One of 676 controls and none of 332 AD cases was also identified as a carrier in a set of Caucasian subjects from Britain and North America (Sassi et al., 2016).

No additional carriers were found among 5198 AD cases and 4491 controls from the Alzheimer’s Disease Sequencing Project from whom whole-exome sequencing data were available, 1779 AD cases and 1273 controls from the Alzheimer Disease Exome Sequencing France project (Campion et al., 2019), or 640 cases and 1268 controls from a multi-center Dutch sample (Holstege et al., 2017).

In a study that included 18,959 Alzheimer’s cases and 21,893 control subjects from multiple European and American cohorts, this allele was observed 15 times—eight times among the AD cases and seven times among the controls (Henne Holstege, personal communication).

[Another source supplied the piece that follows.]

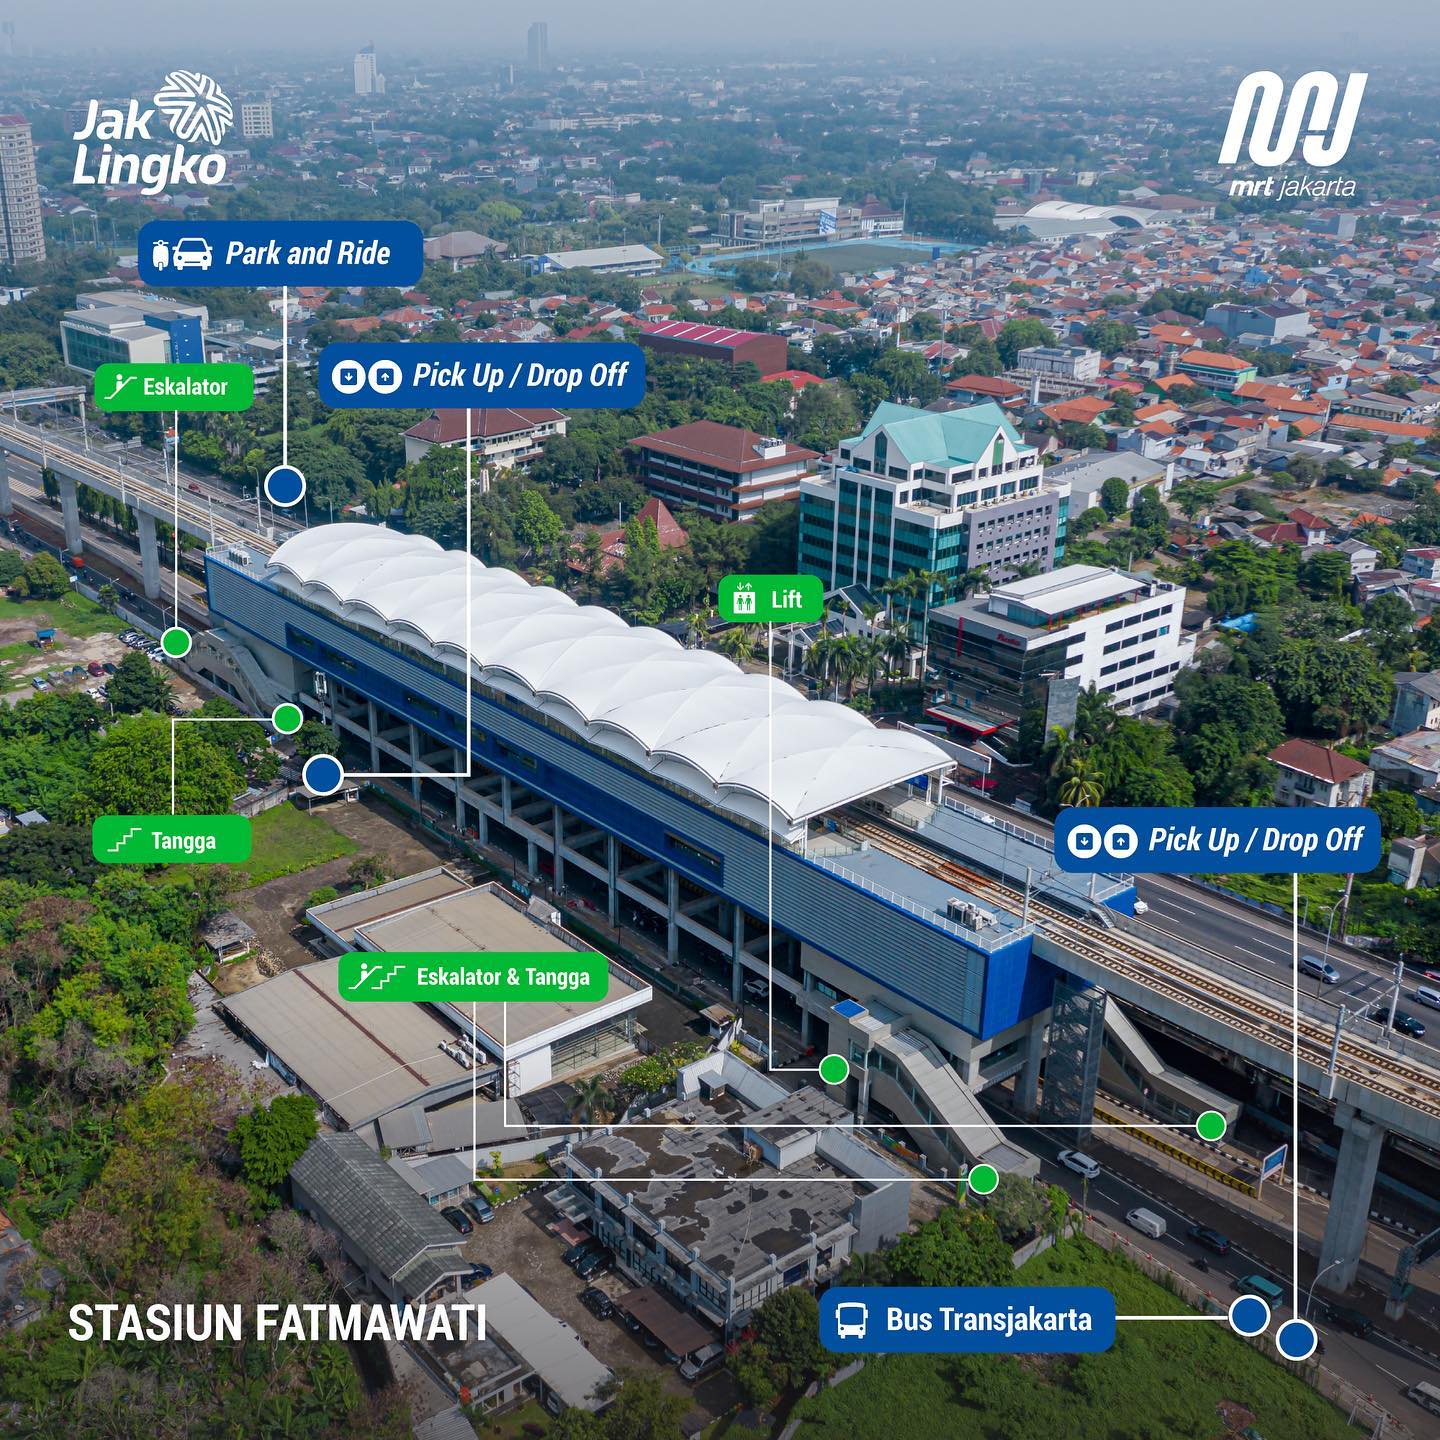     Lokasi fasilitas integrasi moda transportasi publik lainnya di Stasiun Fatmawati.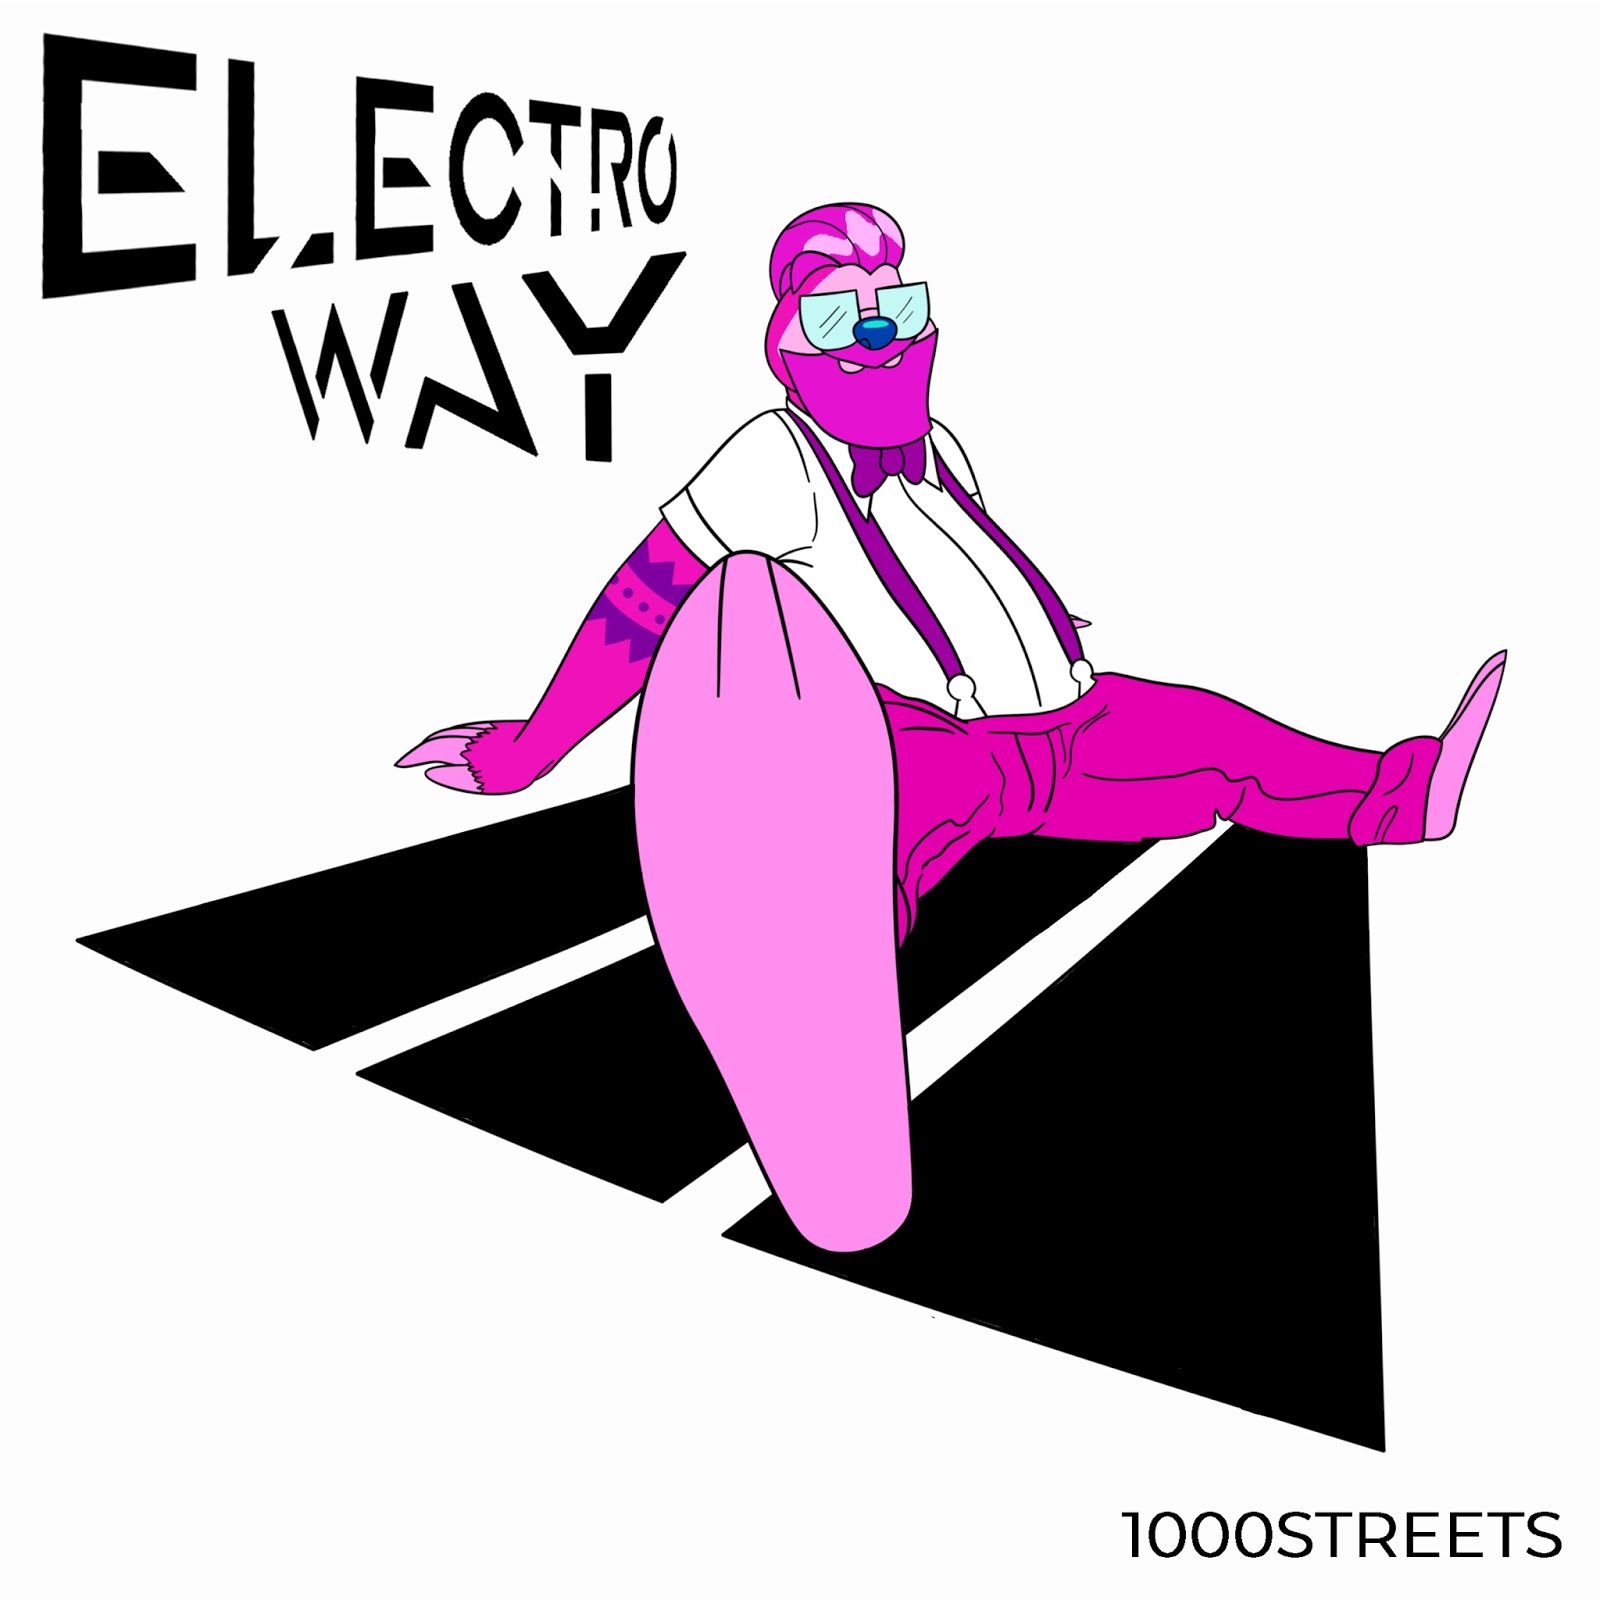 Foto 1 - 1000STREETS “Electro Way” è il primo album dal sound electroswing e Lo-fi/chill out di una delle orchestre più apprezzate d'Italia

The G1379D variant is classified as “uncertain: most likely not pathogenic” by the criteria of Holstege et al. (Holstege et al., 2017).

Functional Consequences

The SORL1 protein contains 11 complement-type repeats (CRs). A majority of known SORL1 ligands, including APP, bind to the CR cluster. Glycine-1379 is located in CR8 and is one of a pair of glycines that is conserved in eight of the 11 CRs. Based on this degree of conservation, Andersen and colleagues have predicted that substitutions of glycine at residue 1379 are moderately likely to increase AD risk (Andersen et al., 2023, bioRxiv).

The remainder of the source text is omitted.